___ Supplied records

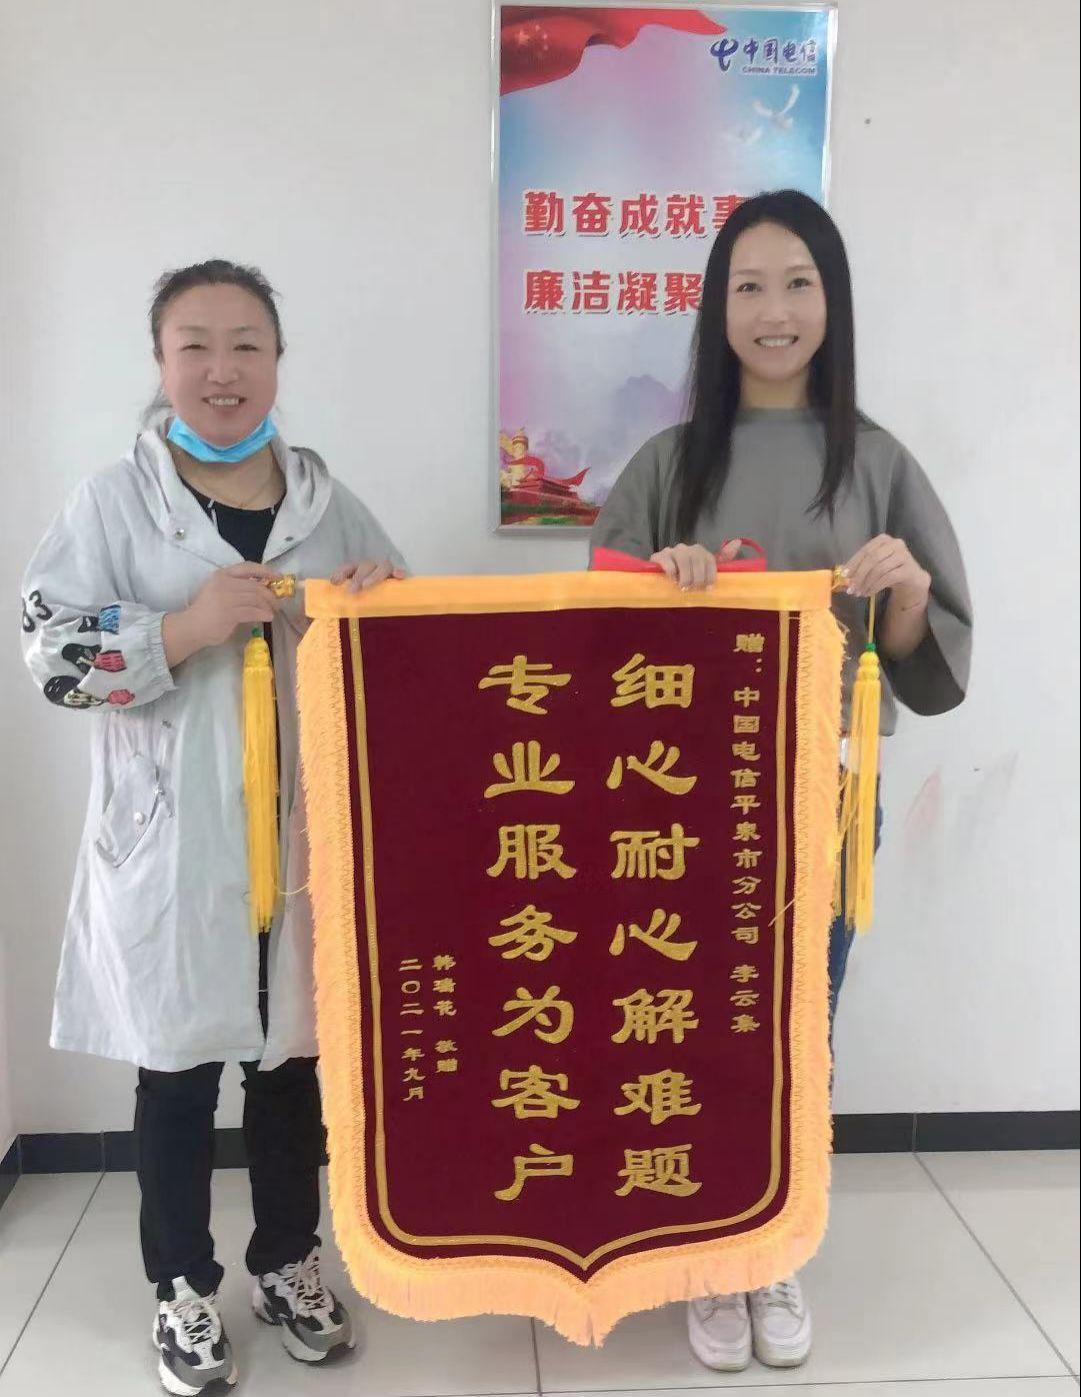 中国电信承德分公司智家工程师热心服务获赠锦旗
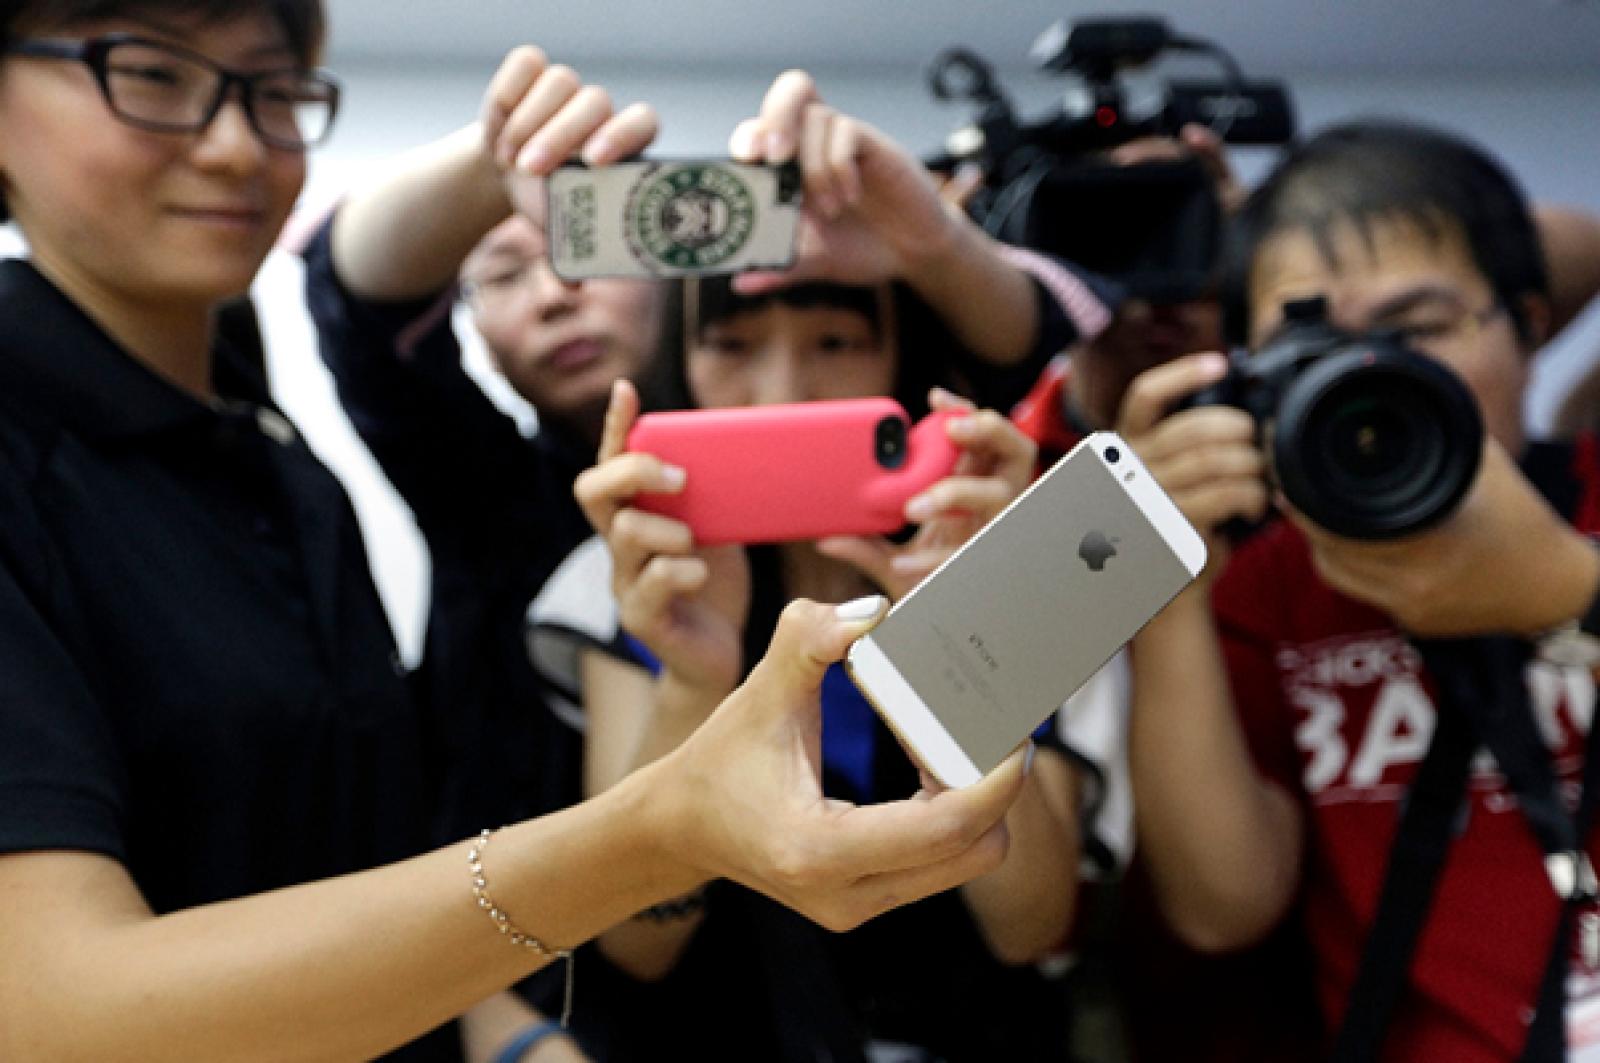 Apple busca que el iPhone 5C sea su arma de entrada a los mercados emergentes, principalmente el chino, donde sus dispositivos son demasiado caros para ser comprados.
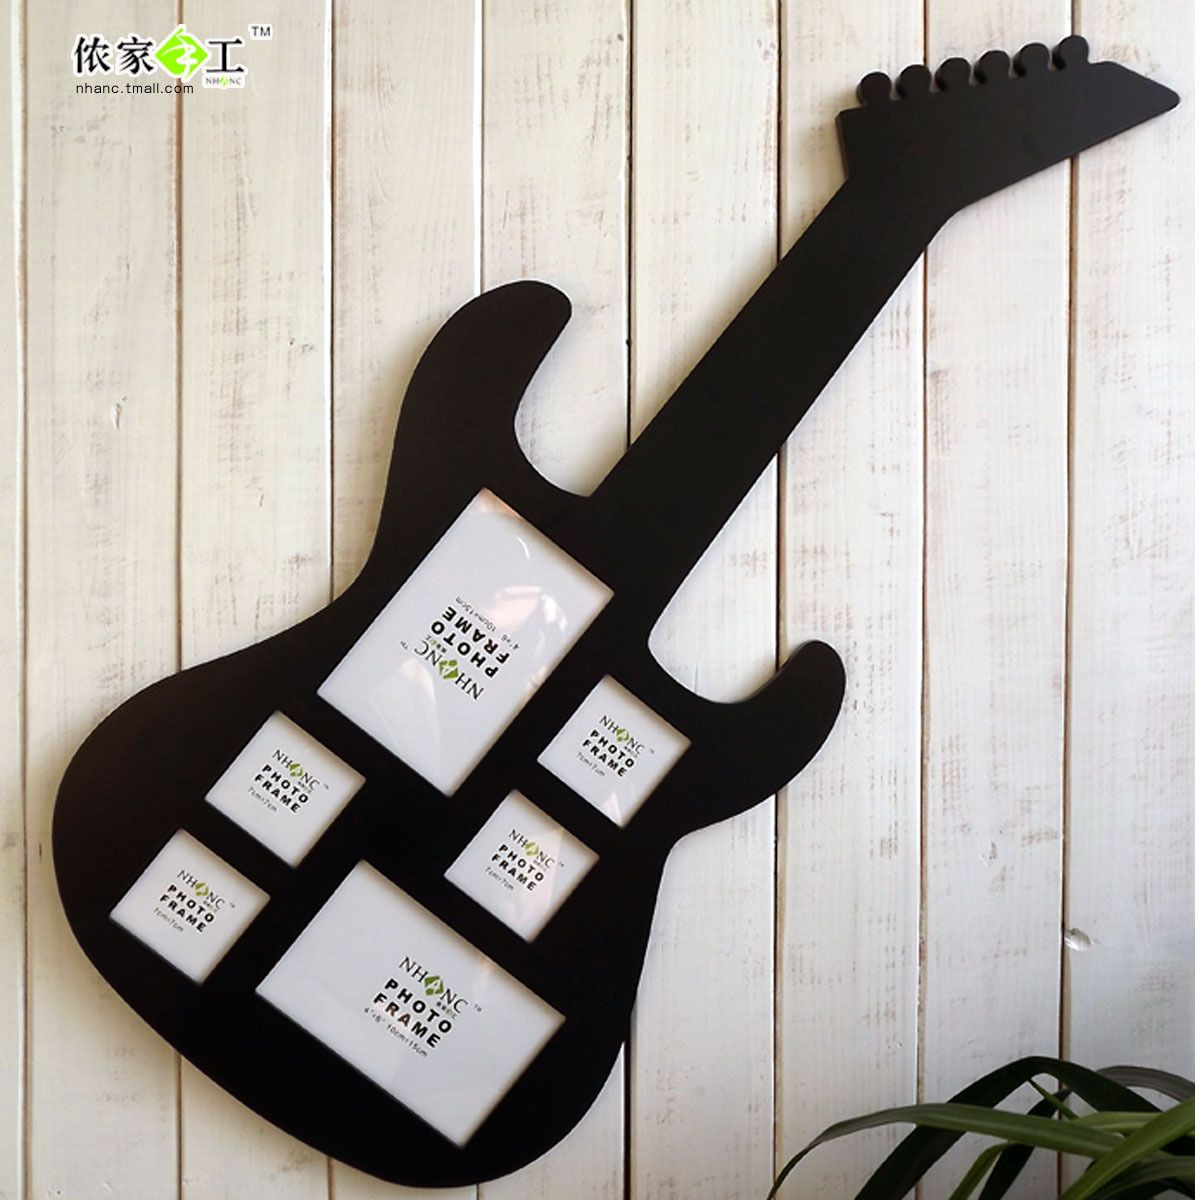 Marco de fotos madera con forma de guitarra - Marco de fotos multiple ...
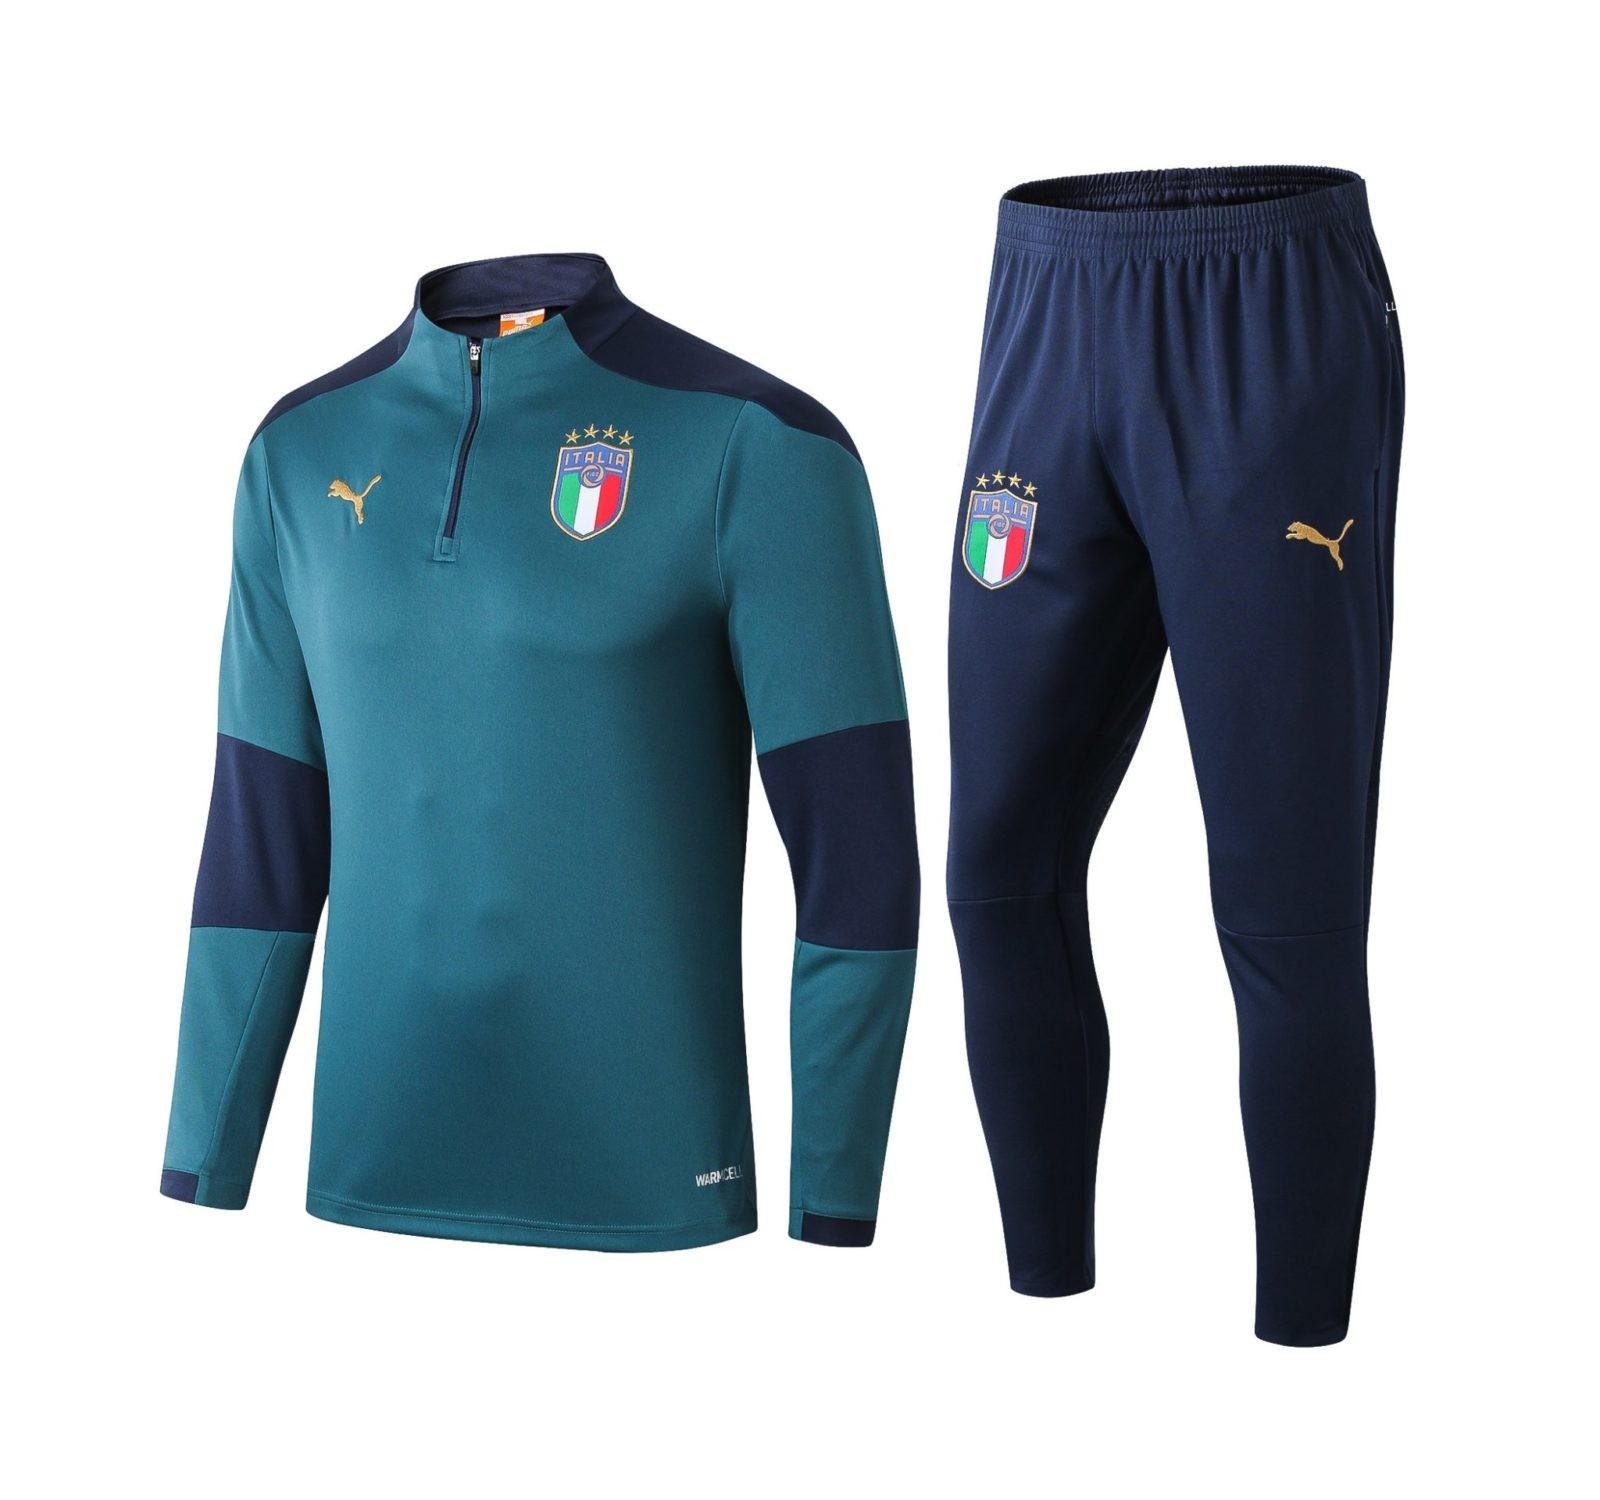 Спортивный костюм сборной Италии 2020 арт.21003
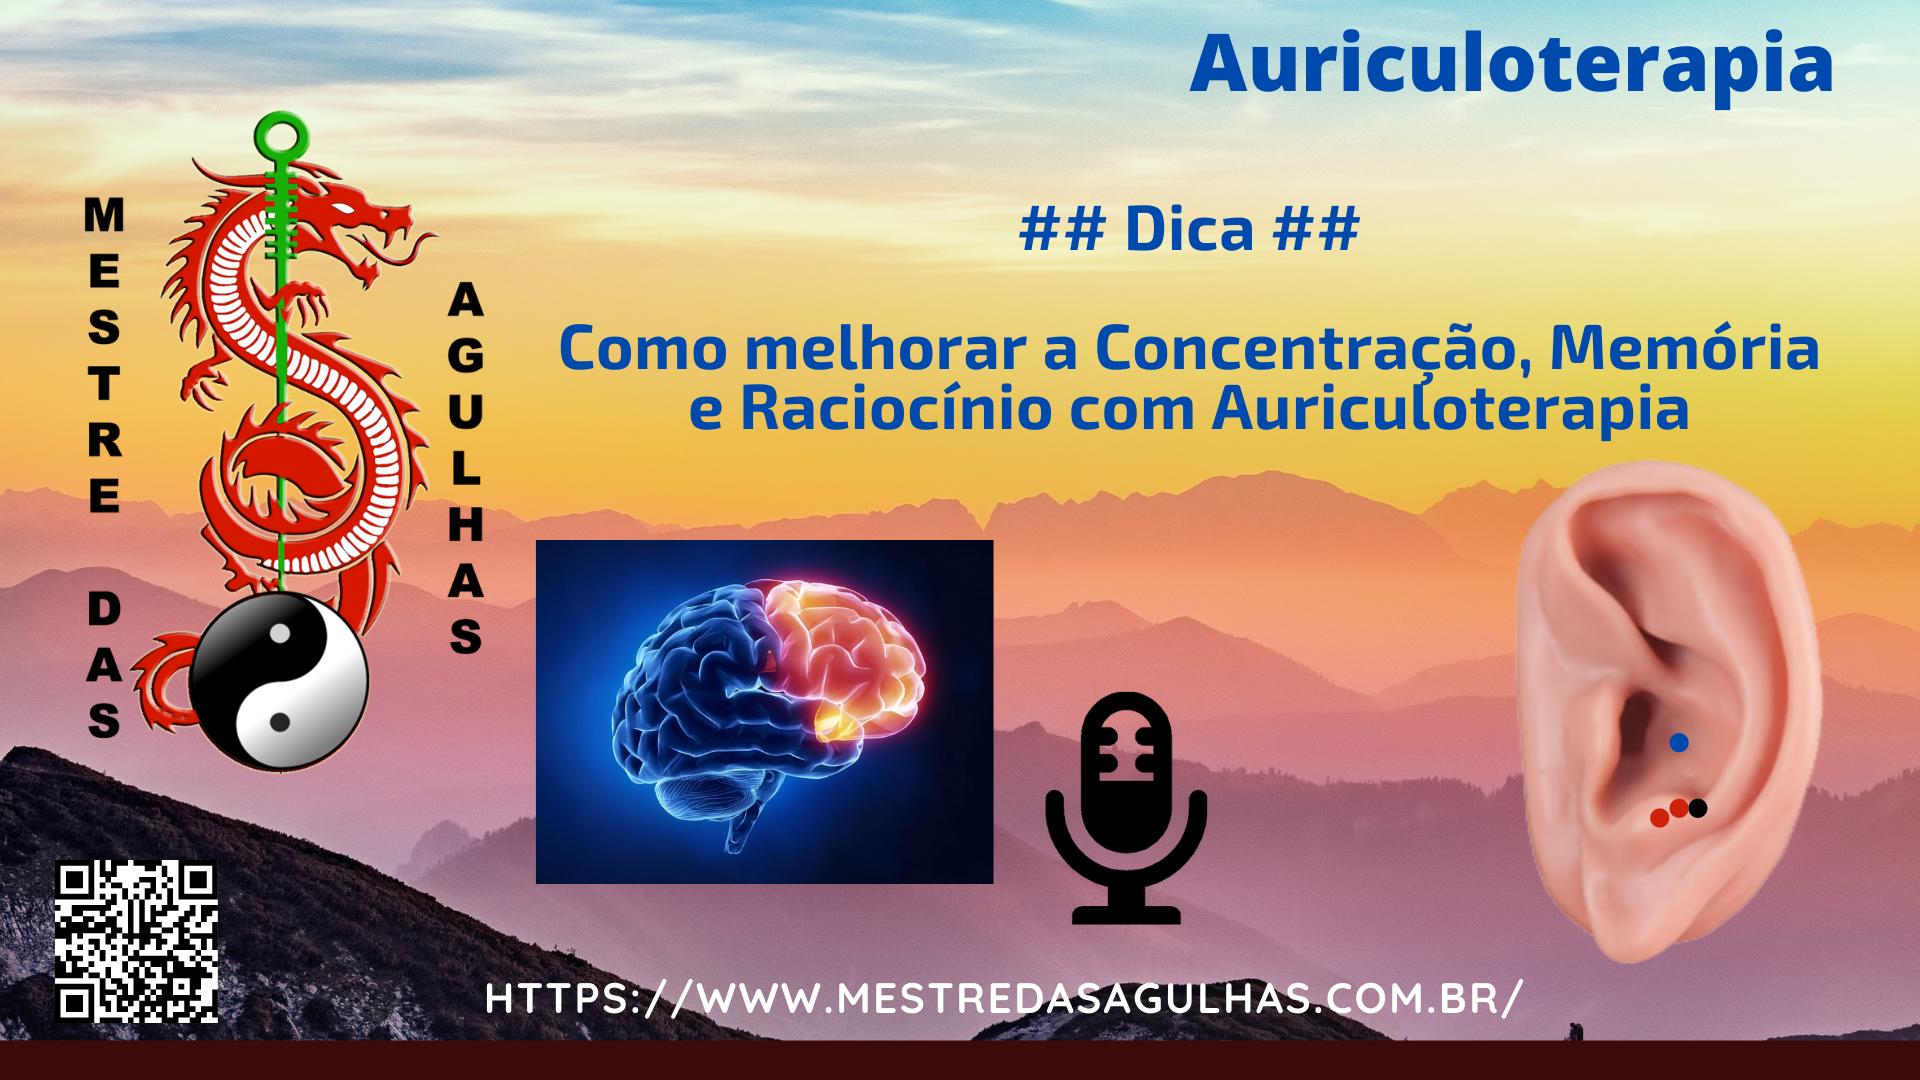 Auriculoterapia: Concentração e memória

______

Exercise brief » Exact copy, no pictures: reproduce every record above.

Answer box »
 中国电信承德分公司智家工程师热心服务获赠锦旗
 Apple busca que el iPhone 5C sea su arma de entrada a los mercados emergentes, principalmente el chino, donde sus dispositivos son demasiado caros para ser comprados.
 Marco de fotos madera con forma de guitarra - Marco de fotos multiple ...
 Спортивный костюм сборной Италии 2020 арт.21003
 Auriculoterapia: Concentração e memória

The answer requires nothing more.